The MRI data for 1,054 HCP subjects were collected using a 3T Siemens Connectome Skyra scanner (Siemens AG, Erlanger, Germany), with a customized SC72 gradient insert and a 32‐channel head coil. High‐resolution T1‐weighted structural images had been acquired with a resolution of 0.7 mm3 isotropic (field of view = 224 × 240, matrix = 320 × 320, 256 sagittal slices, repetition time = 2,400 ms, inversion time = 1,000 ms, and echo time = 2.14 ms). Morphometric analyses had been carried out using software HCP pipeline (https://github.com/Washington-University/HCPpipelines) with a standard preprocessing step (Glasser et al., 2013). Desikan_Killiany atlas had been used to extract the quantitative cortical volume, surface area, and thickness (Desikan et al., 2006). A total of 218 IDPs were initially selected for this study, including 14 IDPs for subcortical volume, 68 for cortical surface area, cortical volume, and cortical thickness, respectively. All the IDPs were downloaded directly from the website (https://db.humanconnectome.org/data/projects/HCP_1200).

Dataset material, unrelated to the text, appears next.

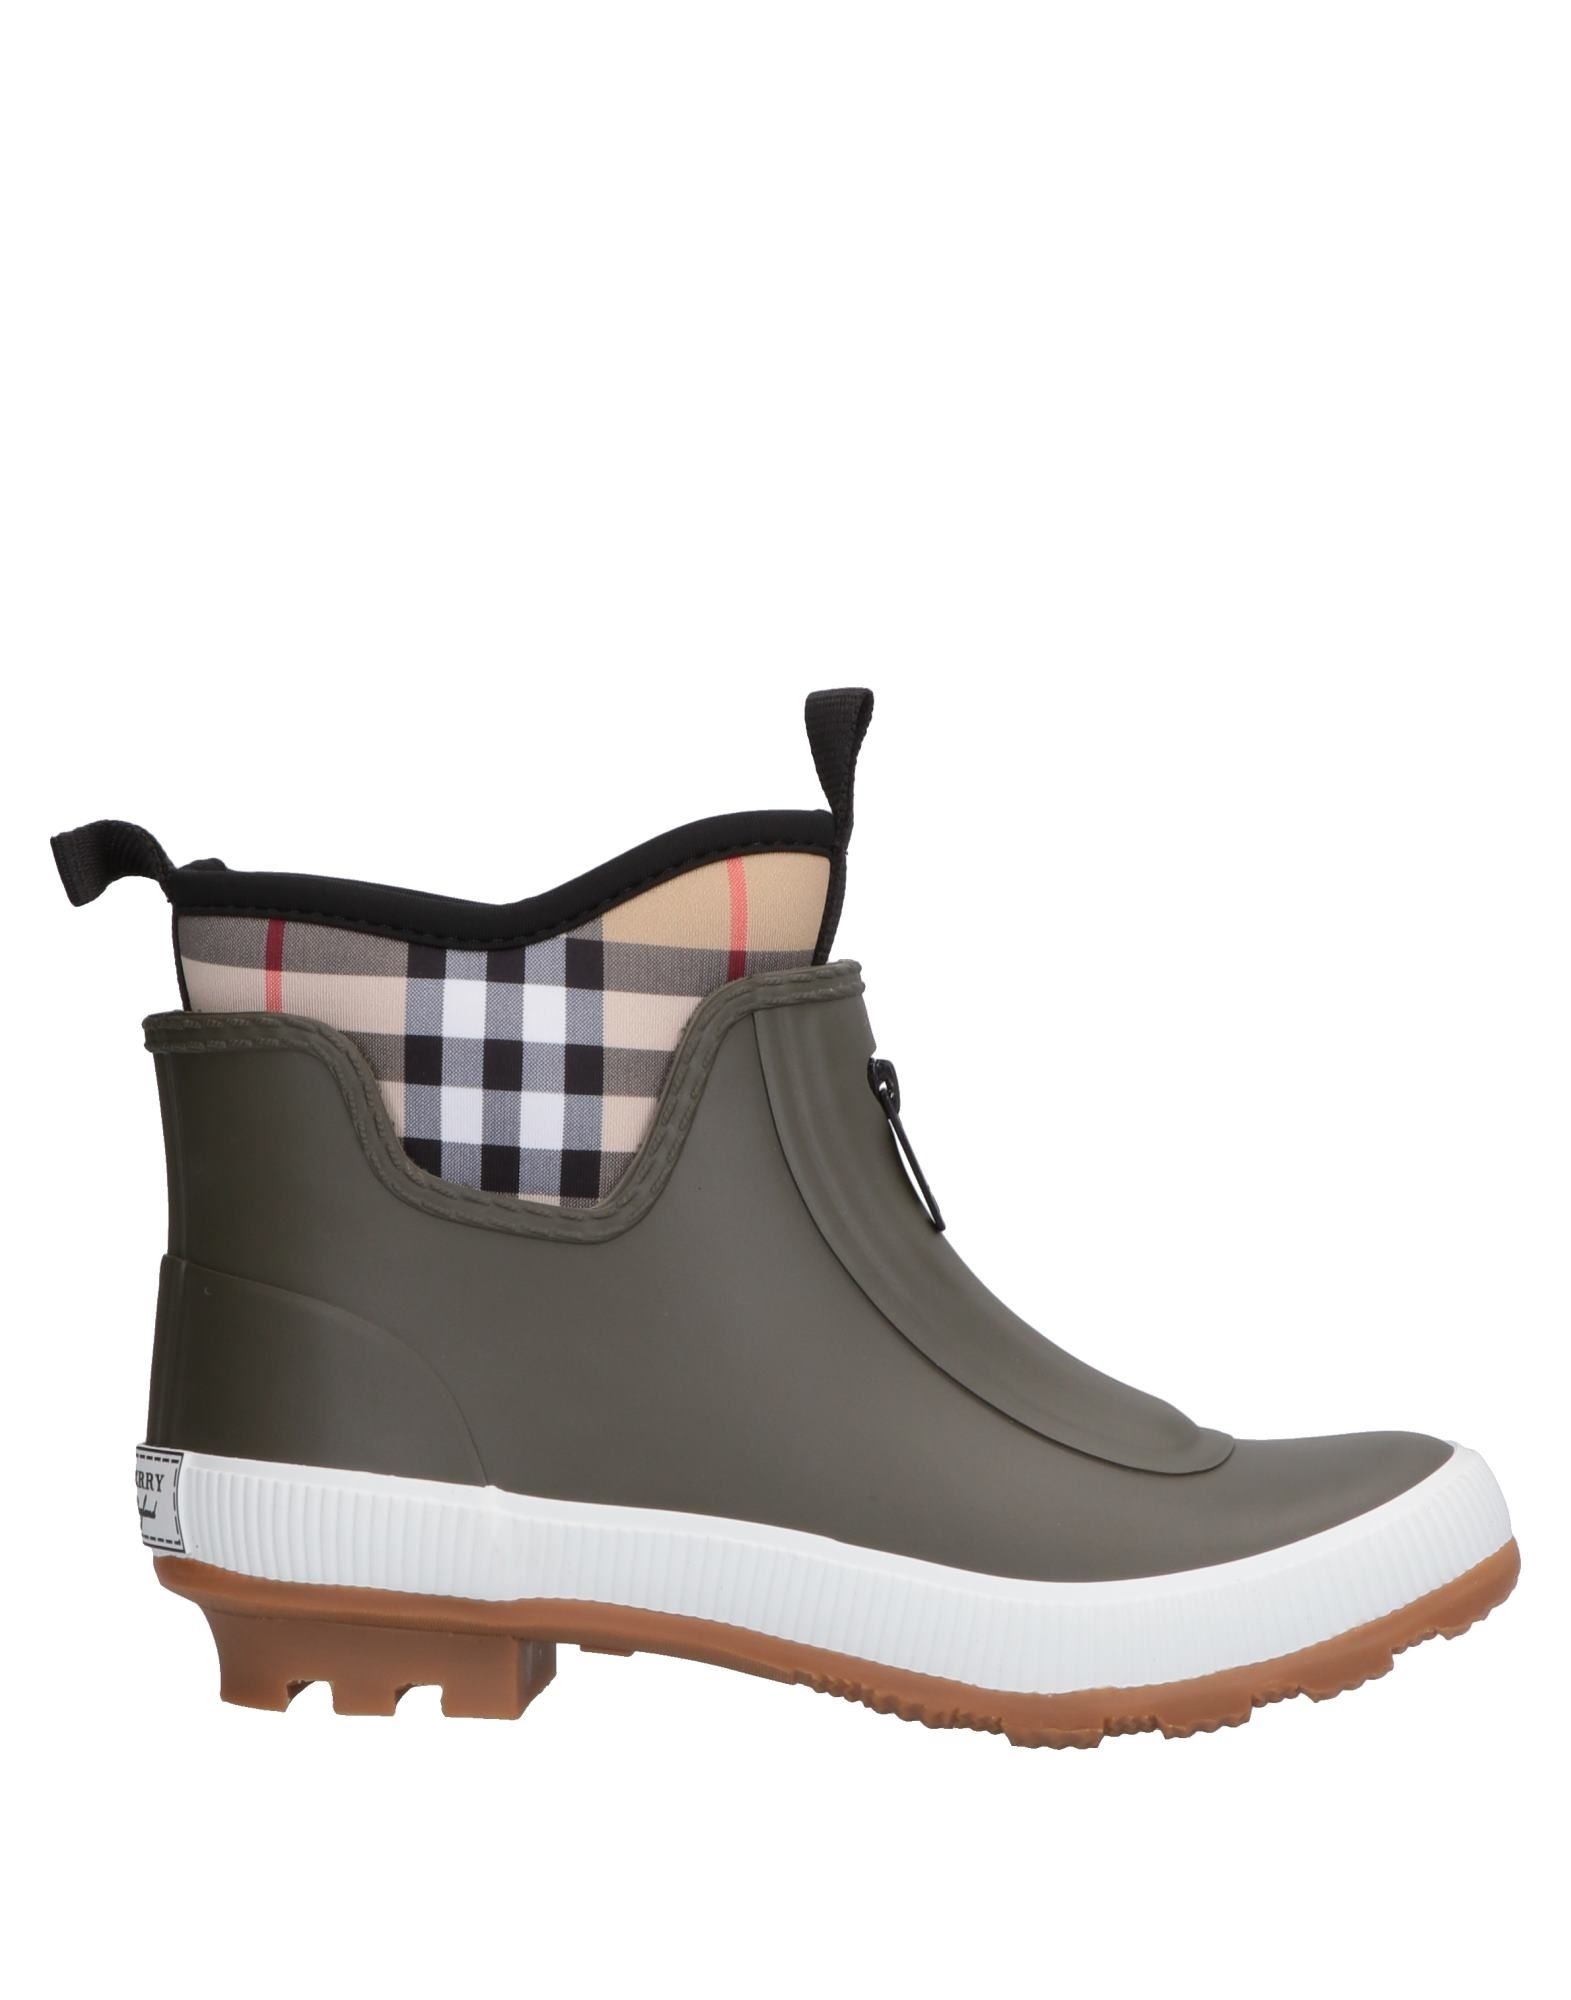 buy burberry boots online

WM performance was evaluated using a 2‐back task paradigm in which participants were presented with blocks of pictures that consisted of tools or faces. Participants were instructed to press their right index finger if the current image matches the one presented two before (2‐Back) and press the right middle finger if not. In the present study, we used 2‐back accuracy to represent WM performance, and 1,025 HCP subjects had valid WM data.

UK biobank dataset

Another dataset used was the imaging genetic GWAS summary data from UKB released in early 2020 (https://open.win.ox.ac.uk/ukbiobank/big40/). We use the most recent release version, which included the GWAS summary statistics of 22,138 discovery and 11,086 replication subjects (Alfaro‐Almagro et al., 2018; Smith et al., 2020). The process details of population selection, genotype quality control and imputation, and GWAS calculation were provided in Elliott's study (Elliott et al., 2018). For the UKB image data processing, an automated image processing pipeline was used to eliminate artifacts and to make images comparable across modalities and participants; it also generated thousands of IDPs. The genome‐wide genotype data were collected using specially designed genotyping arrays that consist of approximately 96 million genetic variants from nearly 500,000 participants. A custom quality control (QC), staging, and imputation pipeline was developed to address the challenges specific to the UKB experimental design, scale, and diversity (Bycroft et al., 2018). We only downloaded the UKB 33 k discovery + validation GWAS summary statistics with IDPs matching the HCP dataset for the latter analysis. Since the UKB GWAS summary data did not provide the cortical metric for the temporal pole (6 IDPs), we finally included 212 IDPs for later analysis. This work was approved by the ethics committee of Tianjin Medical University General Hospital.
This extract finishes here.